Michael Jeh

Personal information
- Full name: Michael Pradeep Williams Jeh
- Born: 21 April 1968 (age 58) Colombo, Ceylon
- Batting: Right-handed
- Bowling: Right-arm medium
- Role: Bowler

Domestic team information
- 1992–1993: Oxford University
- FC debut: 14 April 1992 Oxford Univ v Durham
- Last FC: 9 July 1997 MCC v Pakistan A
- LA debut: 5 May 1992 Combined Universities v Glamorgan
- Last LA: 27 April 1993 Combined Universities v Hampshire

Career statistics
| Competition | First class | List A |
| Matches | 20 | 2 |
| Runs scored | 137 | 28 |
| Batting average | 8.56 | – |
| 100s/50s | 0/0 | 0/0 |
| Top score | 30 | 20 |
| Balls bowled | 3,298 | 96 |
| Wickets | 46 | 1 |
| Bowling average | 44.50 | 71 |
| 5 wickets in innings | 1 | 0 |
| 10 wickets in match | 0 | 0 |
| Best bowling | 5/63 | 1/37 |
| Catches/stumpings | 5/0 | 0/0 |
- Source: CricketArchive, 24 January 2012

= Michael Jeh =

Sri Lankan cricketer

Michael Pradeep Williams Jeh (born 21 April 1968) is a former cricketer who played for the Marylebone Cricket Club and Oxford University.
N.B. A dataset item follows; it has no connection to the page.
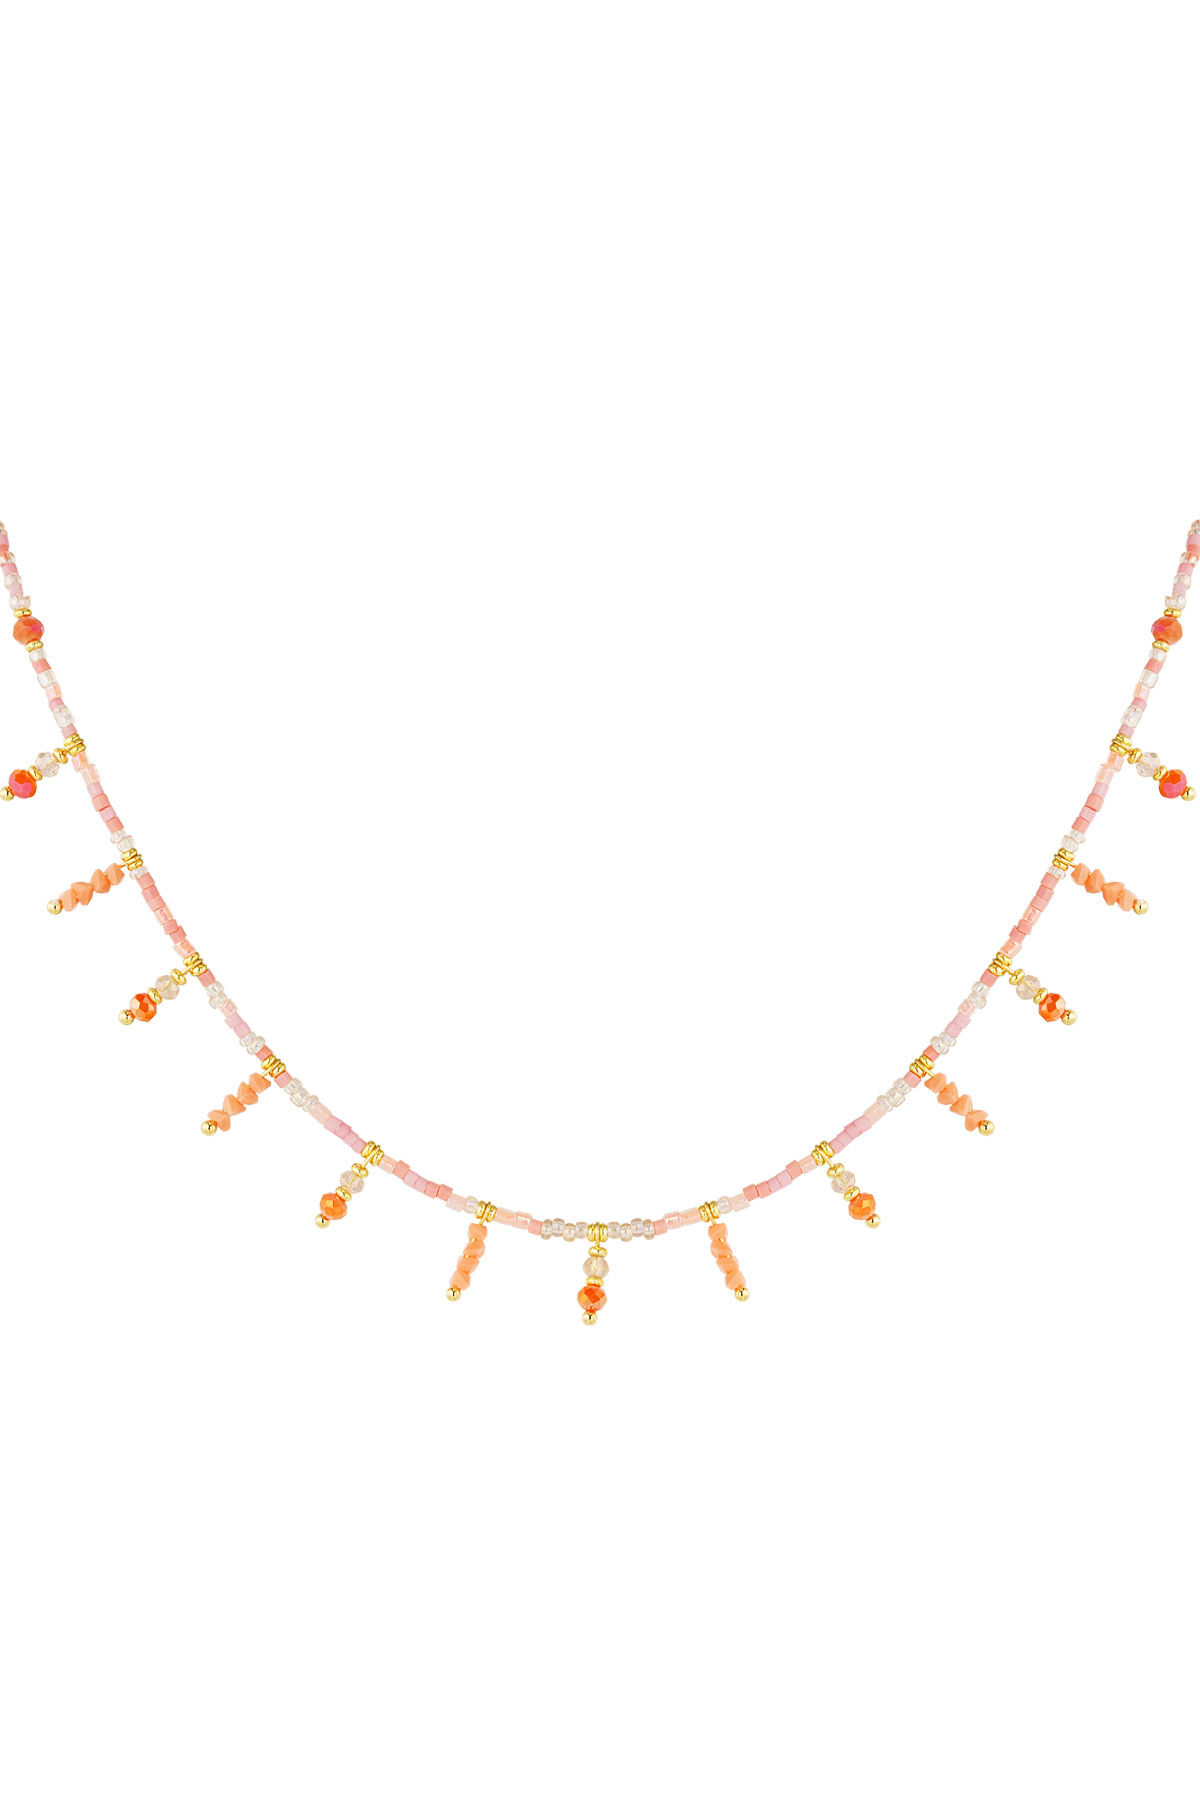 Halskette Summer Sparkle - Orangegold

Jeh was born in Colombo, Ceylon and emigrated to Australia as a refugee at the age of 15. After graduating from Griffith University, he attended Oxford University, where he studied as a postgraduate.

==Cricket career==
While studying at Oxford, Jeh played first class cricket for Oxford and Combined Universities. He later played a single first class match for Marylebone Cricket Club. Jeh also played for Valley District Cricket Club in Brisbane Grade Cricket, where he was a teammate of Matthew Hayden and a number of other Test and First-Class cricketers.